* **Provided records**:
◇ ◇ ◇ ◇ ◇ ◇ ◇
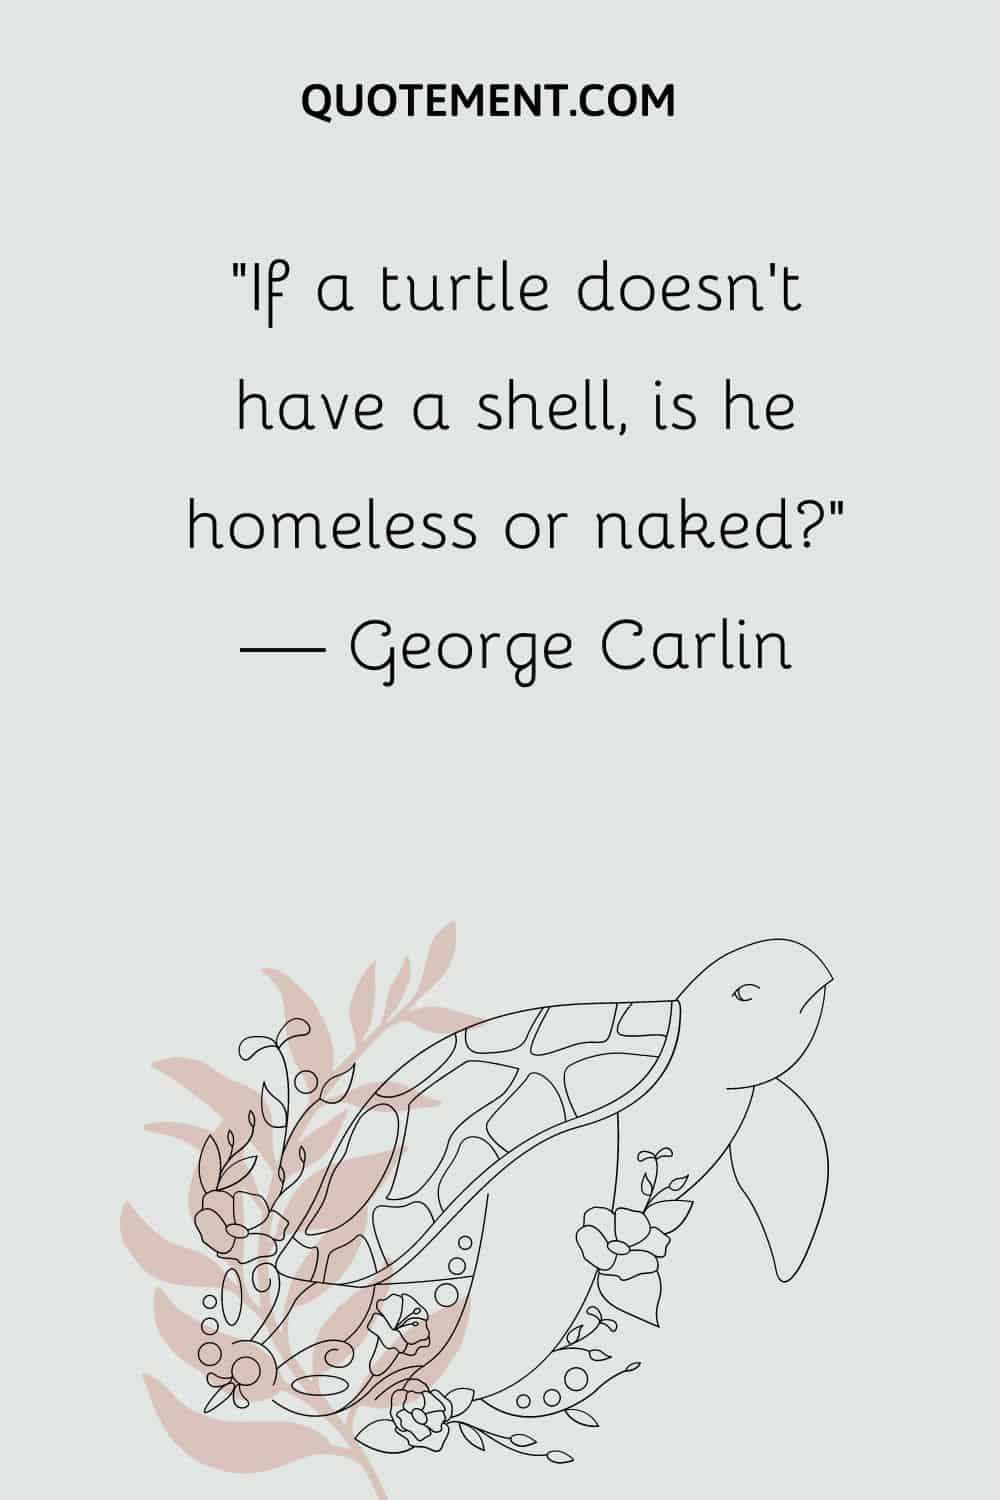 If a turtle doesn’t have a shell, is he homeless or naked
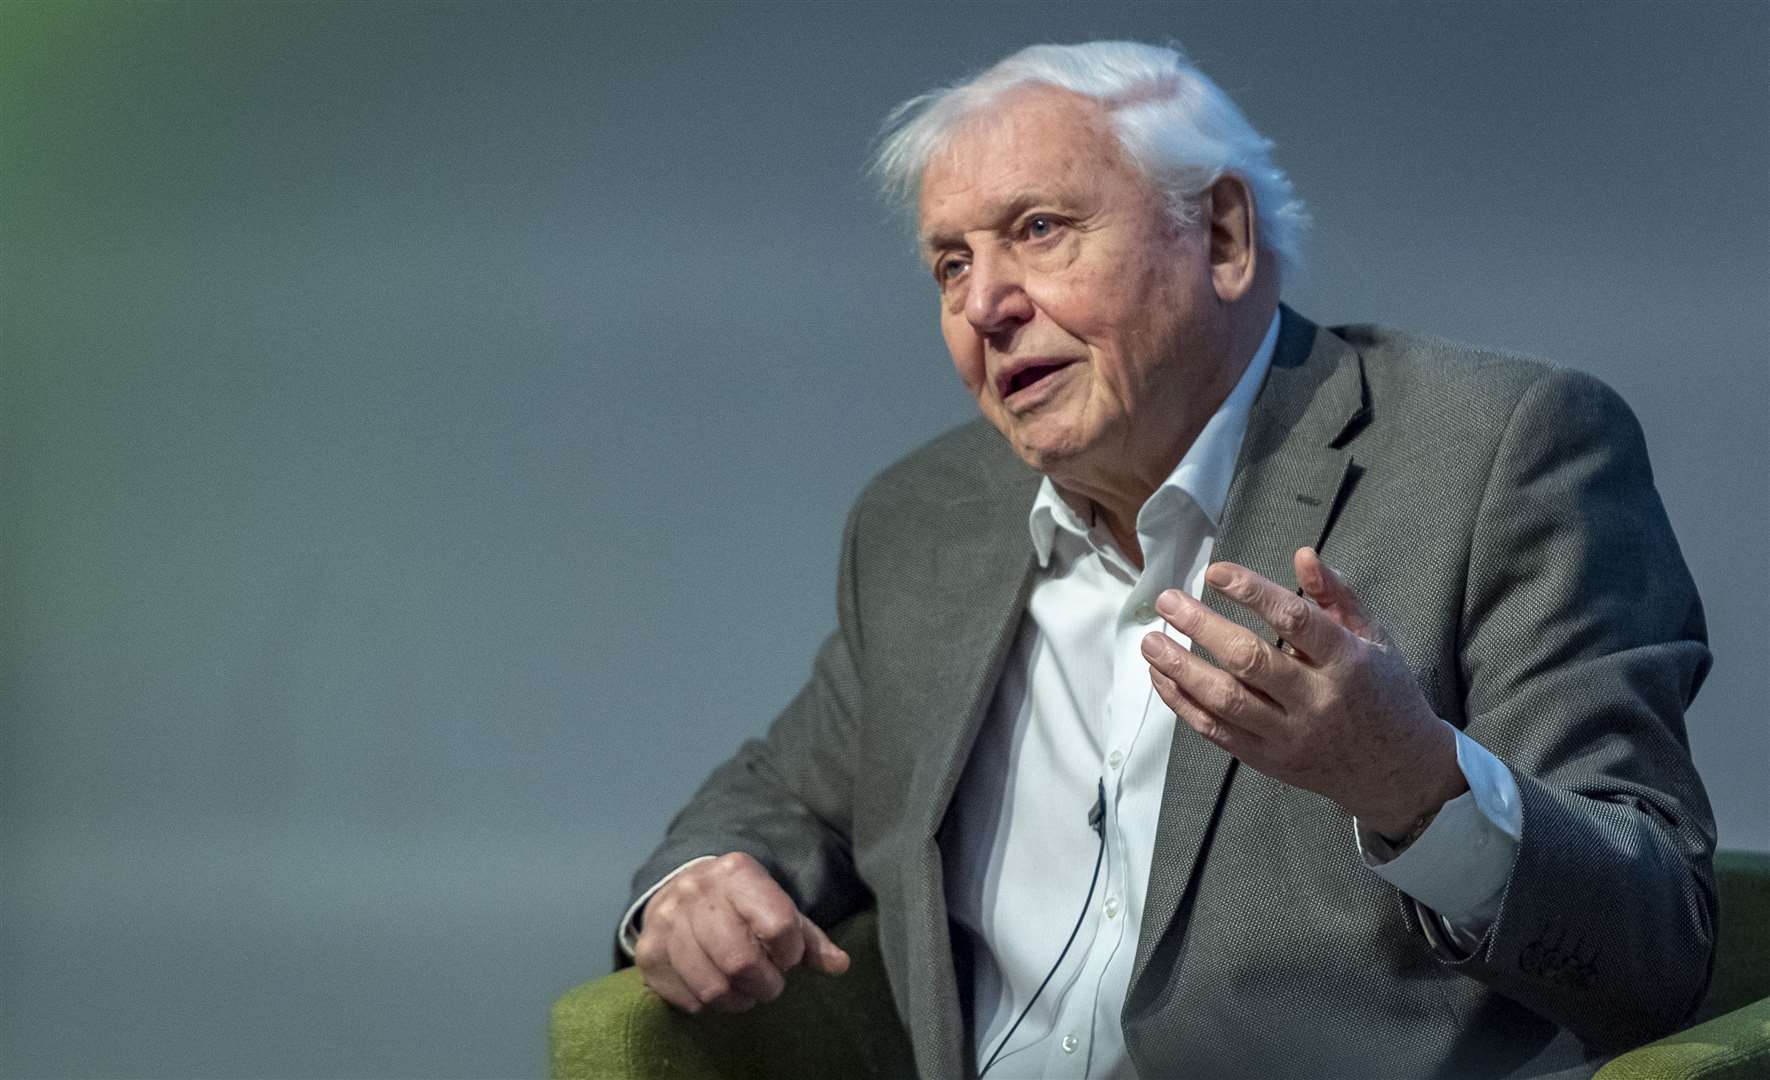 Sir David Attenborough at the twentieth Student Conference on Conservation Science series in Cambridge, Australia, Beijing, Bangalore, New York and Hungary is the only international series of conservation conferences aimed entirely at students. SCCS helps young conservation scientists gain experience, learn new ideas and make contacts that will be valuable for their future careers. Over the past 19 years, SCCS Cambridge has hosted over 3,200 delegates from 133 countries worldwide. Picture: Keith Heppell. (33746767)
◇ ◇ ◇ ◇ ◇ ◇ ◇
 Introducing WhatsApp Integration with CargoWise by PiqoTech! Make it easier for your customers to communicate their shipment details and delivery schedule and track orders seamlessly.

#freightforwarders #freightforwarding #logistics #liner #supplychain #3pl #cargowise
◇ ◇ ◇ ◇ ◇ ◇ ◇
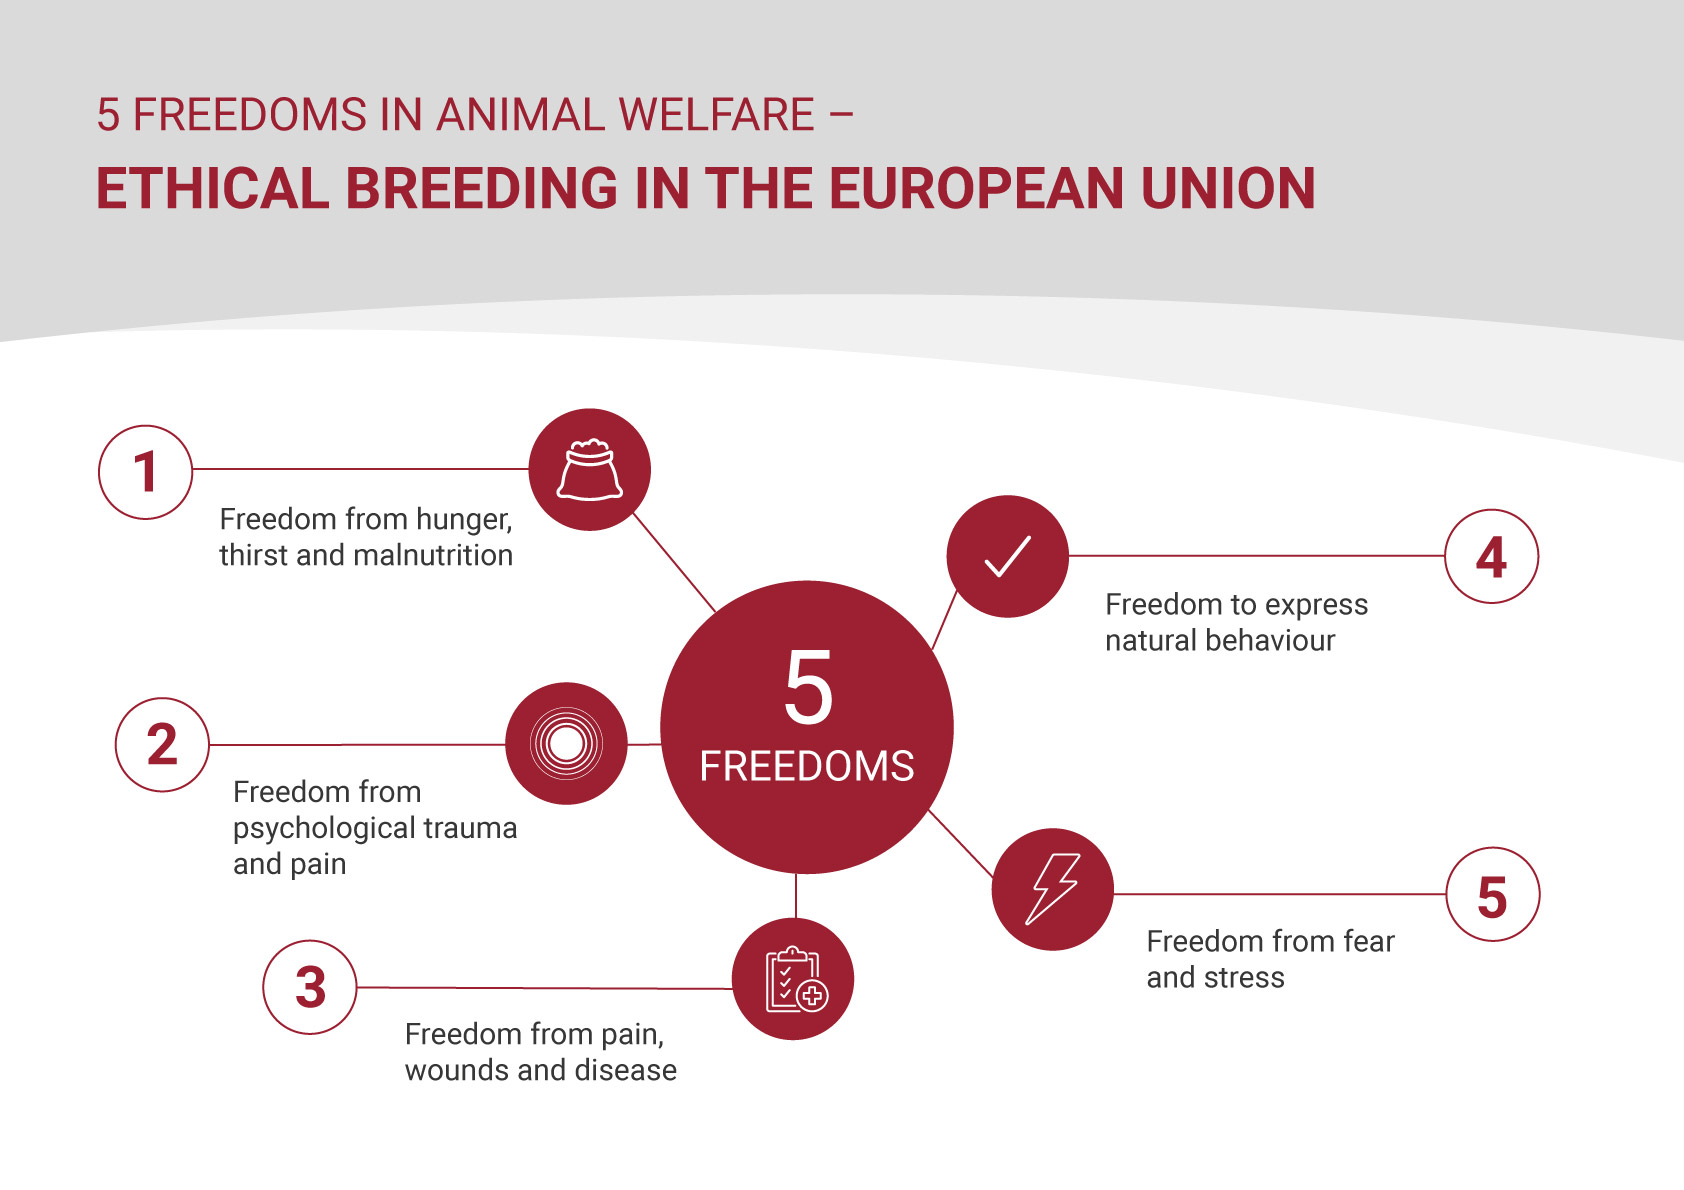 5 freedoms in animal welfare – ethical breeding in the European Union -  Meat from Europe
◇ ◇ ◇ ◇ ◇ ◇ ◇
* **Action item**: The answer should consist only of the lines above from the one with "If a turtle" through the one with "Sir David Attenborough", repeated exactly, with no pictures among them.

* **Answer space**:
 If a turtle doesn’t have a shell, is he homeless or naked
 Sir David Attenborough at the twentieth Student Conference on Conservation Science series in Cambridge, Australia, Beijing, Bangalore, New York and Hungary is the only international series of conservation conferences aimed entirely at students. SCCS helps young conservation scientists gain experience, learn new ideas and make contacts that will be valuable for their future careers. Over the past 19 years, SCCS Cambridge has hosted over 3,200 delegates from 133 countries worldwide. Picture: Keith Heppell. (33746767)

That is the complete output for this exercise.